If you haven't used them before, here's how Decision Trees work: the algorithm will go through every variable (column) in your data and every value for each variable and split your data into two sub-sets based on each of those values. Which of these splits is actually chosen by the algorithm--i.e., what is the splitting criterion? The particular variable/value combination that "purifies" the data the most (i.e., maximizes the information gain) is chosen to split the data (that variable/value combination is usually indicated as the node's label). This simple heuristic is just performed recursively until the remaining data sub-sets are pure or further splitting doesn't increase the information gain.
What does this tell you about the "importance" of the variables in your data set? Well importance is indicated by proximity to the root node--i.e., hierarchical level or rank.
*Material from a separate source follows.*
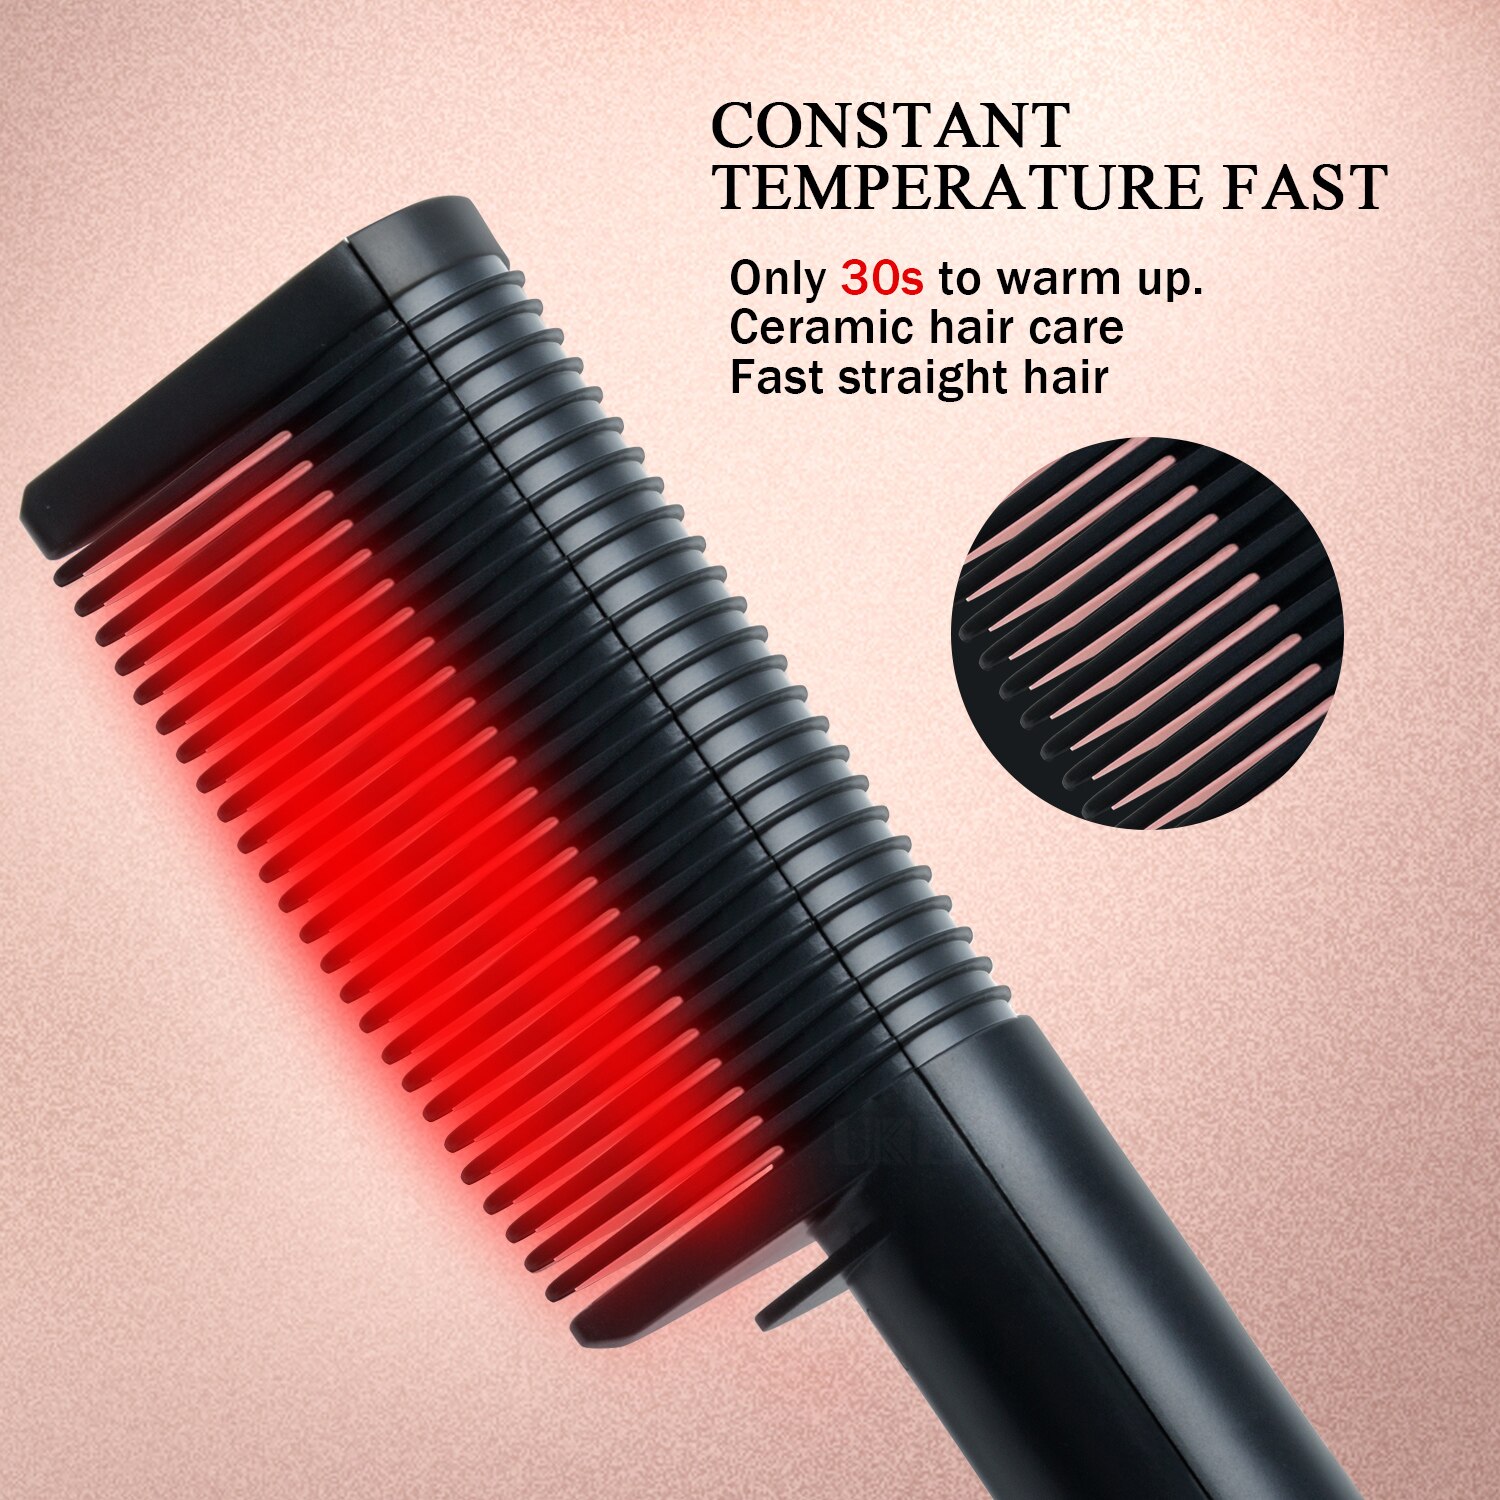 Newly Electric Hair Straightening Brush and Curler Comb Ceramic Ionic Anti Frizz&Scald Beauty Hair Styling Tool
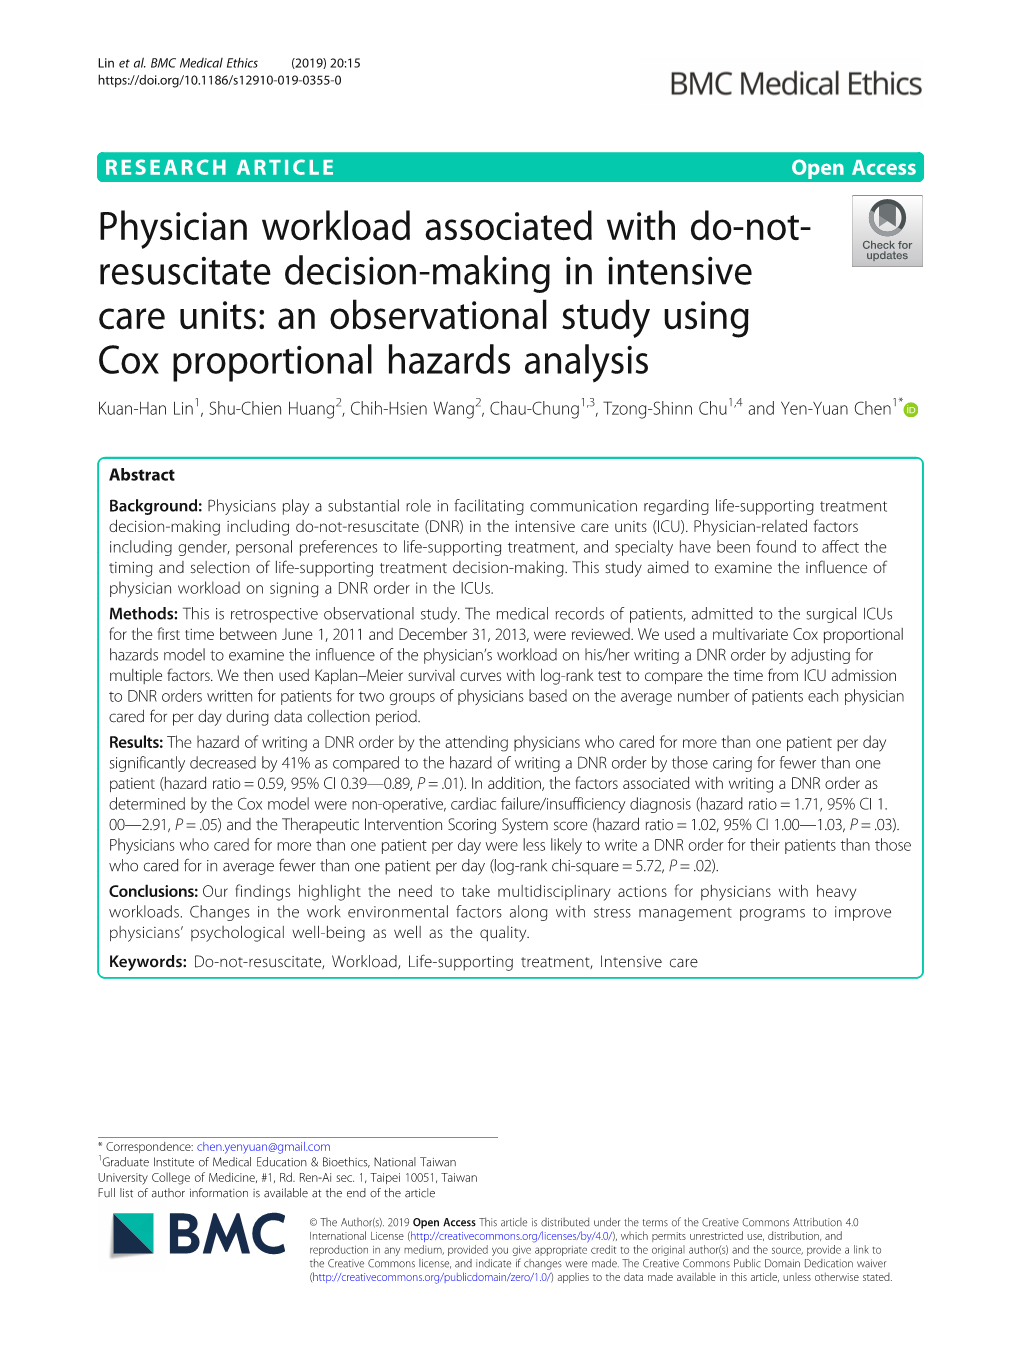 Physician Workload Associated with Do-Not

One suggestion: decision trees handle both categorical and discrete data usually without problem; however, in my experience, decision tree algorithms always perform better if the response variable (the variable you are trying to predict using all other variables) is discrete/categorical rather than continuous. It looks like yours is probably continuous, in which case in would consider discretizing it (unless doing so just causes the entire analysis to be meaningless). To do this, just bin your response variable values using parameters (bin size, bin number, and bin edges) meaningful w/r/t your problem domain--e.g., if your r/v is comprised of 'continuous values' from 1 to 100, you might sensibly bin them into 5 bins, 0-20, 21-40, 41-60, and so on.
For instance, from your Question, suppose one variable in your data is X and it has 5 values (10, 20, 25, 50, 100); suppose also that splitting your data on this variable with the third value (25) results in two nearly pure subsets--one low-value and one high-value. As long as this purity were higher than for the sub-sets obtained from splitting on the other values, the data would be split on that variable/value pair.
RapidMiner does indeed have a decision tree implementation, and it seems there are quite a few tutorials available on the Web (e.g., from YouTube, here and here). (Note, I have not used the decision tree module in R/M, nor have i used RapidMiner at all.)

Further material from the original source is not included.